Elend LeBaron of Delta told the committee that he and two brothers had long been suspicious about who was fathering children with two of their adult sisters. A year ago, they secretly obtained genetic samples that "transformed our suspicion into a very hard reality."

The tests found a high probability that two children, one from each sister, were fathered by their father and most likely another brother.

Elend LeBaron said they met with their father and siblings to confront them with the genetic evidence. During that meeting, one sister commented that artificial insemination was not illegal.
Prosecutors later confirmed that Utah law defines incest as sexual intercourse.

Troy A. Little, chief deputy Iron County Attorney, said his office interviewed Elend LeBaron's father and sisters but were unable to go forward with a prosecution because the family claimed the conceptions were the result of artificial insemination. Little said that a still unaddressed obstacle is how to prove jurisdiction for prosecuting the crime, which lawmakers also acknowledged was a problem.

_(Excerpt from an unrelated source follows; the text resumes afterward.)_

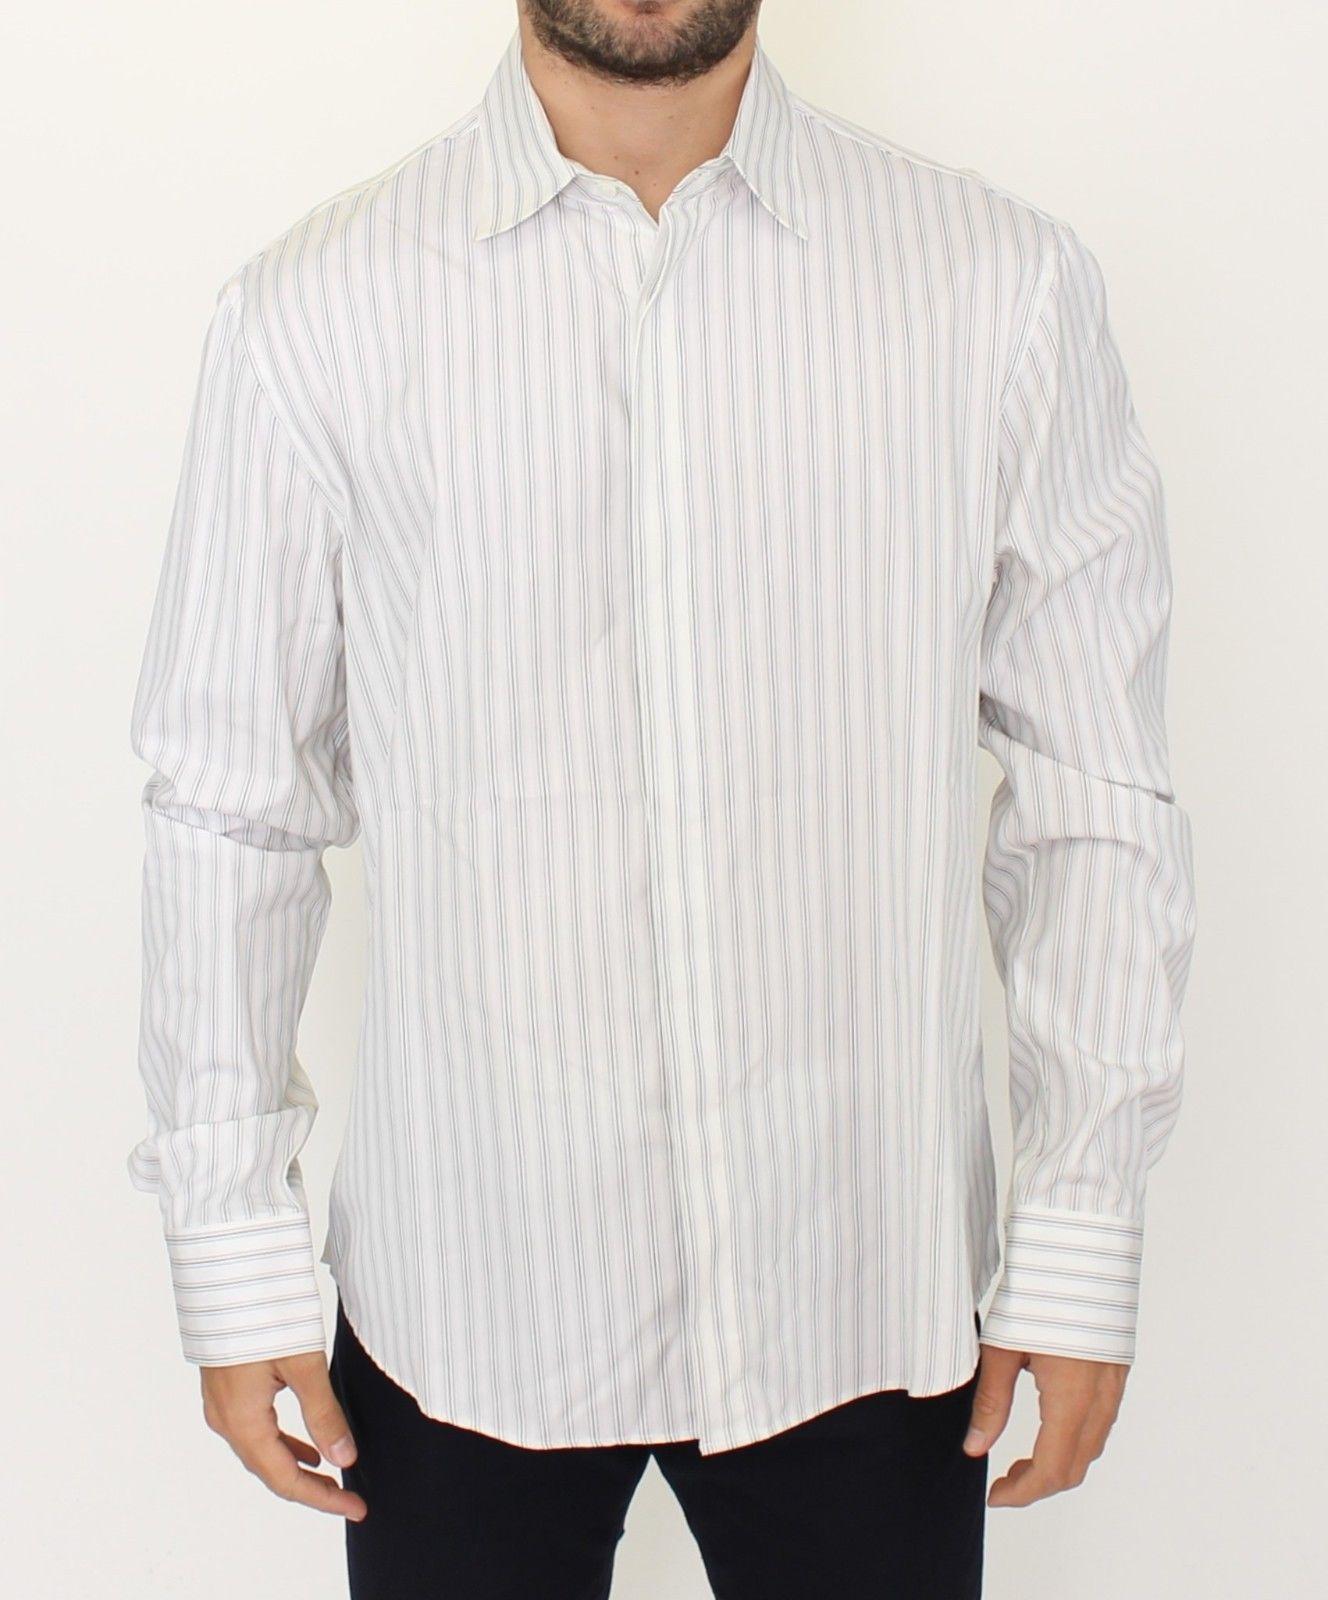 Ermanno Scervino Men's Regular Fit Shirt White SIG10177 - IT54   XL

"Incest isn't that difficult to figure out genetically but the location of the act is very difficult to figure out," said Steve Urquhart, R-St. George.

Elend LeBaron said before the hearing that it was embarrassing to disclose his family problems publicly.

"I am not real thrilled to go and tell everyone my dad does this," he said. "But after finding out what was going on, media coverage and legislation is the best hope in protecting my younger sister from this danger. What we are doing now will have no influence on the past. My objective is to change the law so that should more children be born, with DNA testing we can prosecute."

Their father is a member of the polygamous LeBaron clan, but broke away in the 1950s. In the 1970s, his uncle Ervil LeBaron murdered men he considered his rivals and later died in prison.
Elend LeBaron told the committee that incest has "been occurring in Utah amongst a number of polygamists for a very long time.

Girls in "some of these small religious organizations have been indoctrinated their entire lives to believe God wants them to marry and have children with their father, their brother or their uncle," he said.

The Utah Attorney General's Office has been investigating the polygamous Kingston clan for incest violations but has not filed any charges. The group has sanctioned marriages between half siblings and an uncle and niece in the past.

Elend LeBaron said his family members believe God "wants them to do this sort of thing" and that God will ensure no birth defects occur. He believes his father "fancies" that his younger sister and brother will together produce "the future leader's of God's kingdom.

"I believe in protecting religious freedom but incest of this nature crosses a very important line in as much as it is a crime against the unborn," Elend LeBaron said.

Mario Capecchi, a University of Utah professor and Nobel Prize-winning geneticist provided a written statement to the committee that said offspring of parent/child or brother-sister matings have a defect risk in the range of 25 percent to 50 percent. The genetic risk from first cousin matings -- legal in many states -- is approximately 6 percent to 8 percent.

John M. Opitz, a professor of pediatric genetics at the University of Utah told the committee first-degree relatives, such as a father and daughter, share 50 percent of their genes and thus have an "exponentially" greater risk of malformations, mental retardation and mortality.